The route steepened again. I watched Doug huff to the top as I coasted to the bottom of my gears and sidesaddled off, walking up to a large clearing that appeared to be an old staging area wide with views.
Doug was still winded. “That hill kicked my butt,” he said. But as we both recovered and admired the colors, he added, “This is why we’re so lucky to live in the North Country.”
The Burntbridge Pond loop, all part of the St. Lawrence County Snowmobile Trail Network, involves traversing three ridges – the first along the old Grasse River Railroad spur, then to the Pond itself, and again after crossing Brandy Brook for the second time of the day. For the next two miles, the road continues an upward trajectory over a series of rollers. Finally, all that elevation is lost in the last quarter mile to the T with the Grasse River Rail Trail.
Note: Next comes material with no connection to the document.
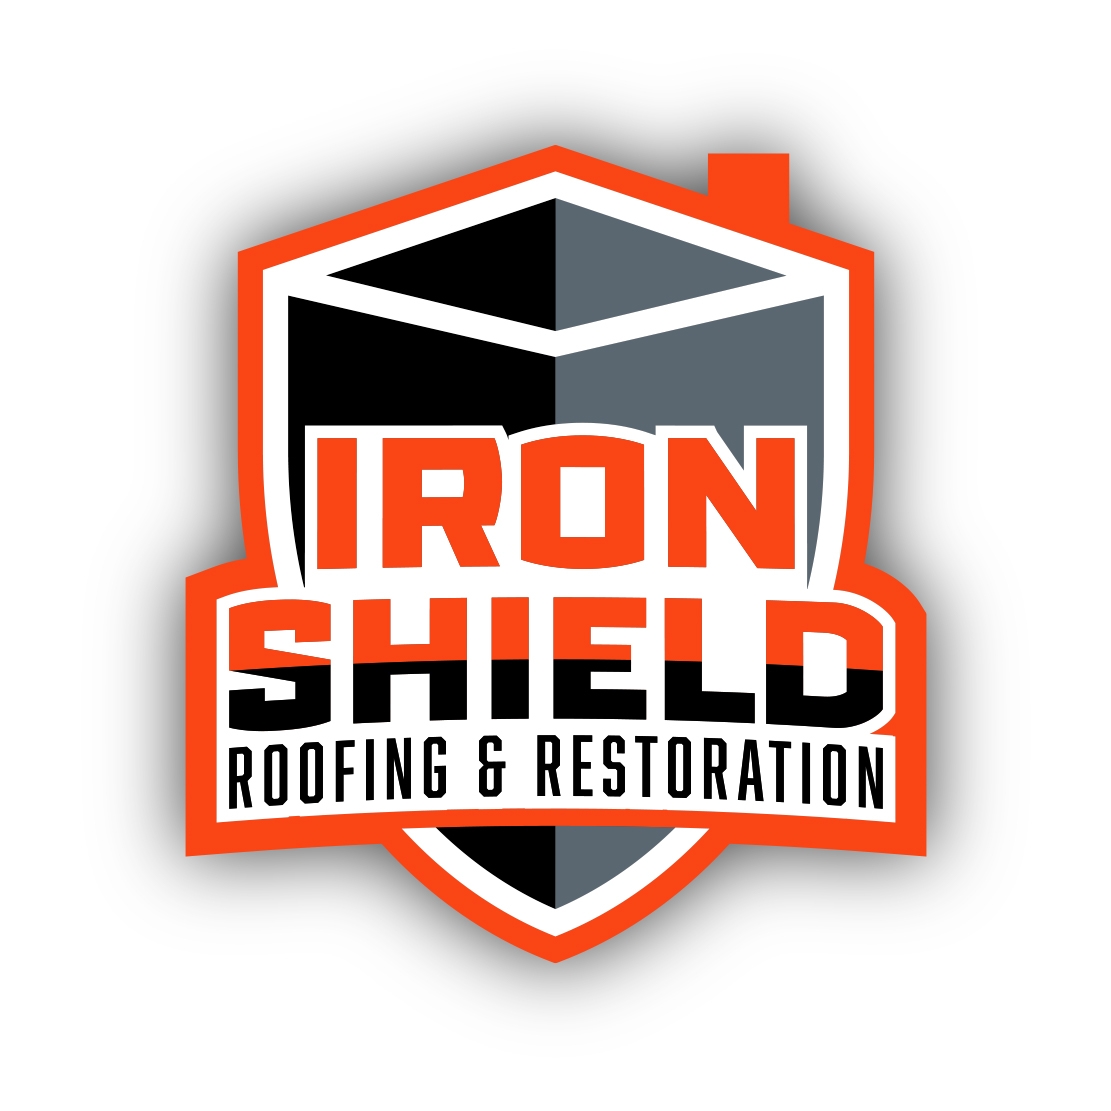 Iron Shield Roofing and Restoration

No southbound signage marks this junction. Fortunately, no other logging roads exist between the junction and Route 3. Those making a clockwise loop will just need to remember it’s the first right.
We savored the flat along a wild section of the Grasse River before swinging off the railbed and up a couple hills to Route 3. The last three-quarter miles on the highway to the car finished this roughly 15-mile loop and four-hour bike.
I’m glad we traveled counterclockwise. We put the hardest part of the bike behind us before lunch and were rewarded with the solitude of Burntbridge Pond. The ride out was mostly a breeze.